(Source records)
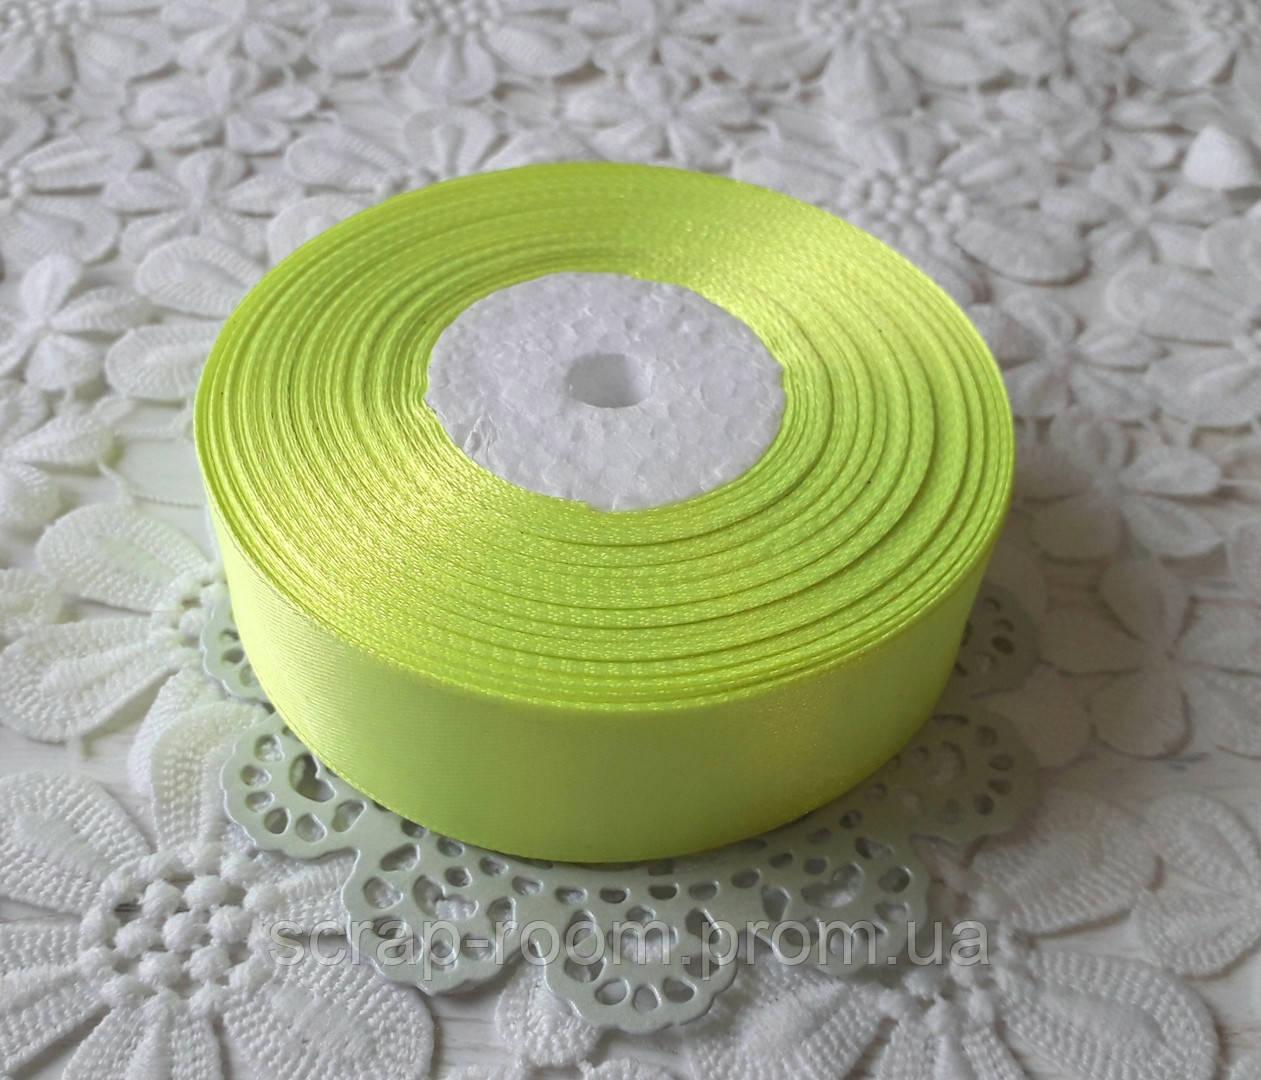 Лента атласная 2,5 см светло-салатовая, лента цвет салатовый атлас, лента атласная салатовый, цена за метр
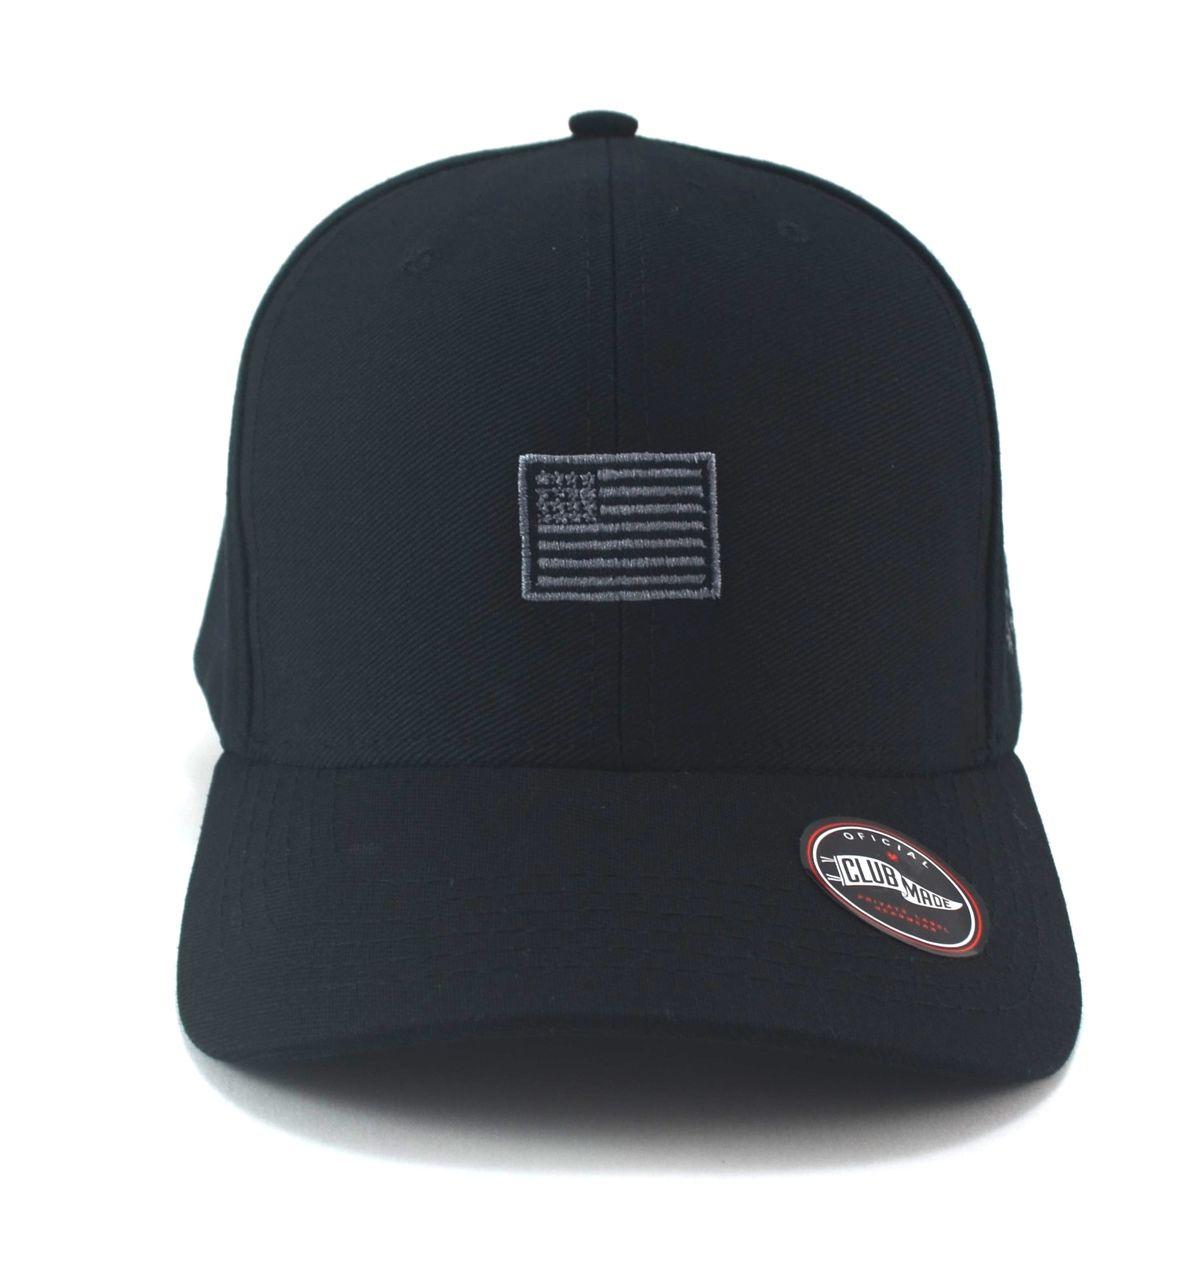 Boné Preto Mini Flag Black Estados Unidos Aba Curva Strapback
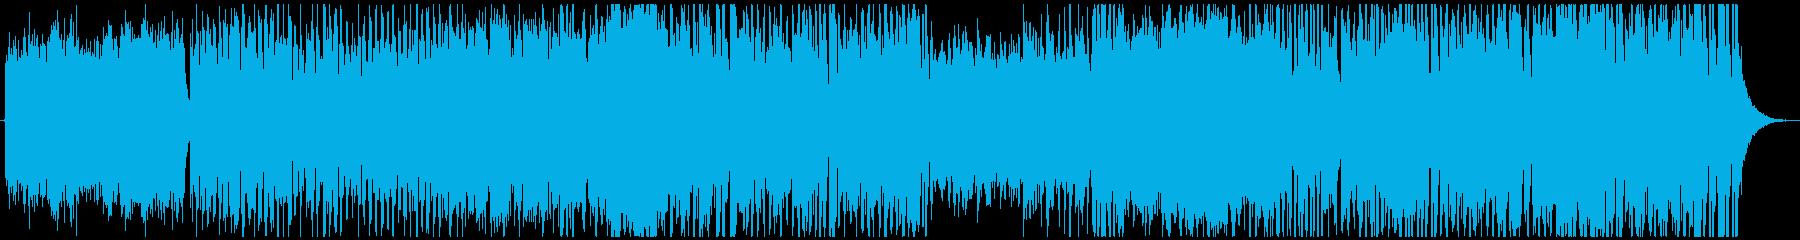 生ヴァイオリン収録!かっこいい疾走感の再生済みの波形
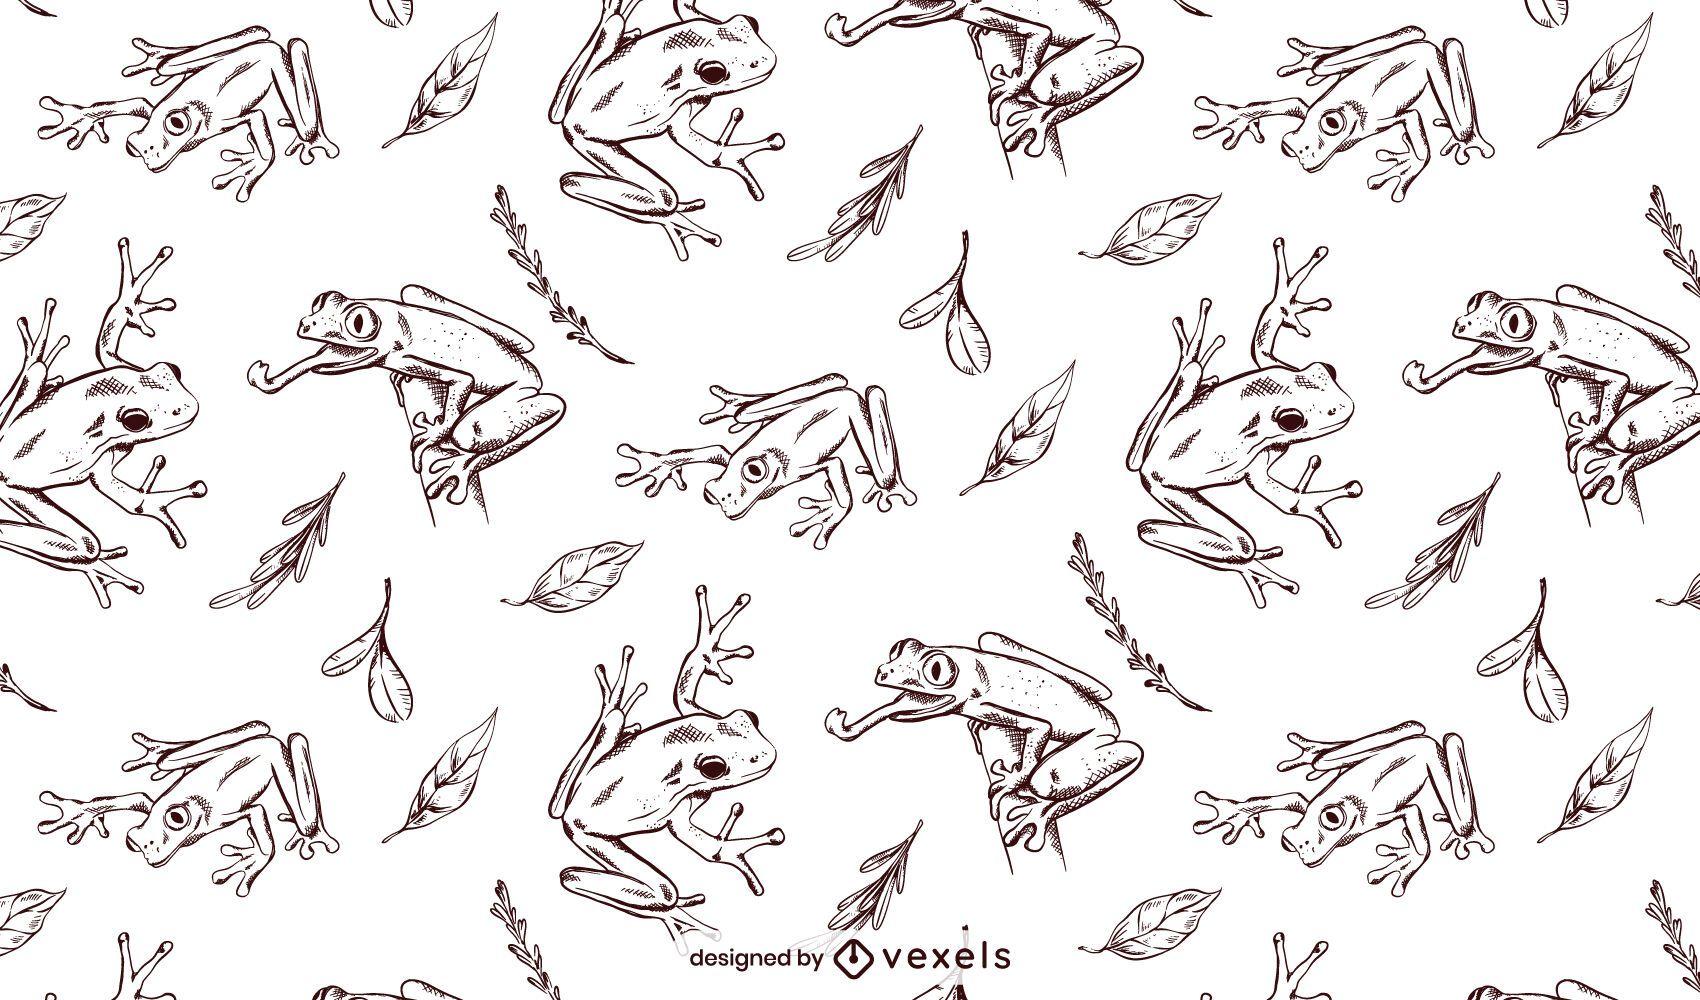 Diseño de patrón de rana dibujada a mano
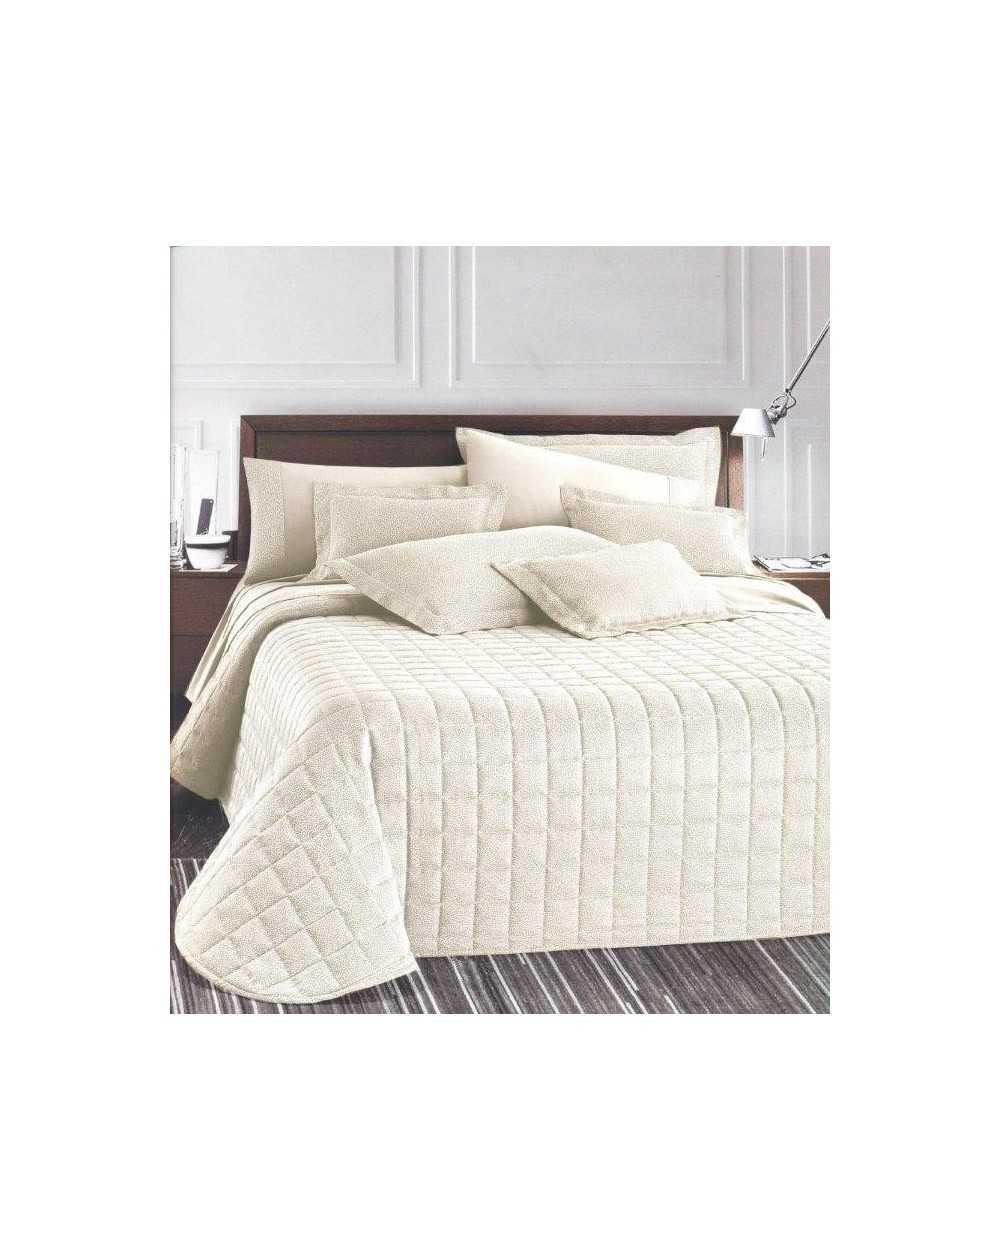 couvre lit in jacquard dalila. Black Bedroom Furniture Sets. Home Design Ideas

Task details: Nothing but the text is wanted: repeat the data above exactly, without its images.

Solution for this problem:
 Лента атласная 2,5 см светло-салатовая, лента цвет салатовый атлас, лента атласная салатовый, цена за метр
 Boné Preto Mini Flag Black Estados Unidos Aba Curva Strapback
 生ヴァイオリン収録!かっこいい疾走感の再生済みの波形
 Diseño de patrón de rana dibujada a mano
 couvre lit in jacquard dalila. Black Bedroom Furniture Sets. Home Design Ideas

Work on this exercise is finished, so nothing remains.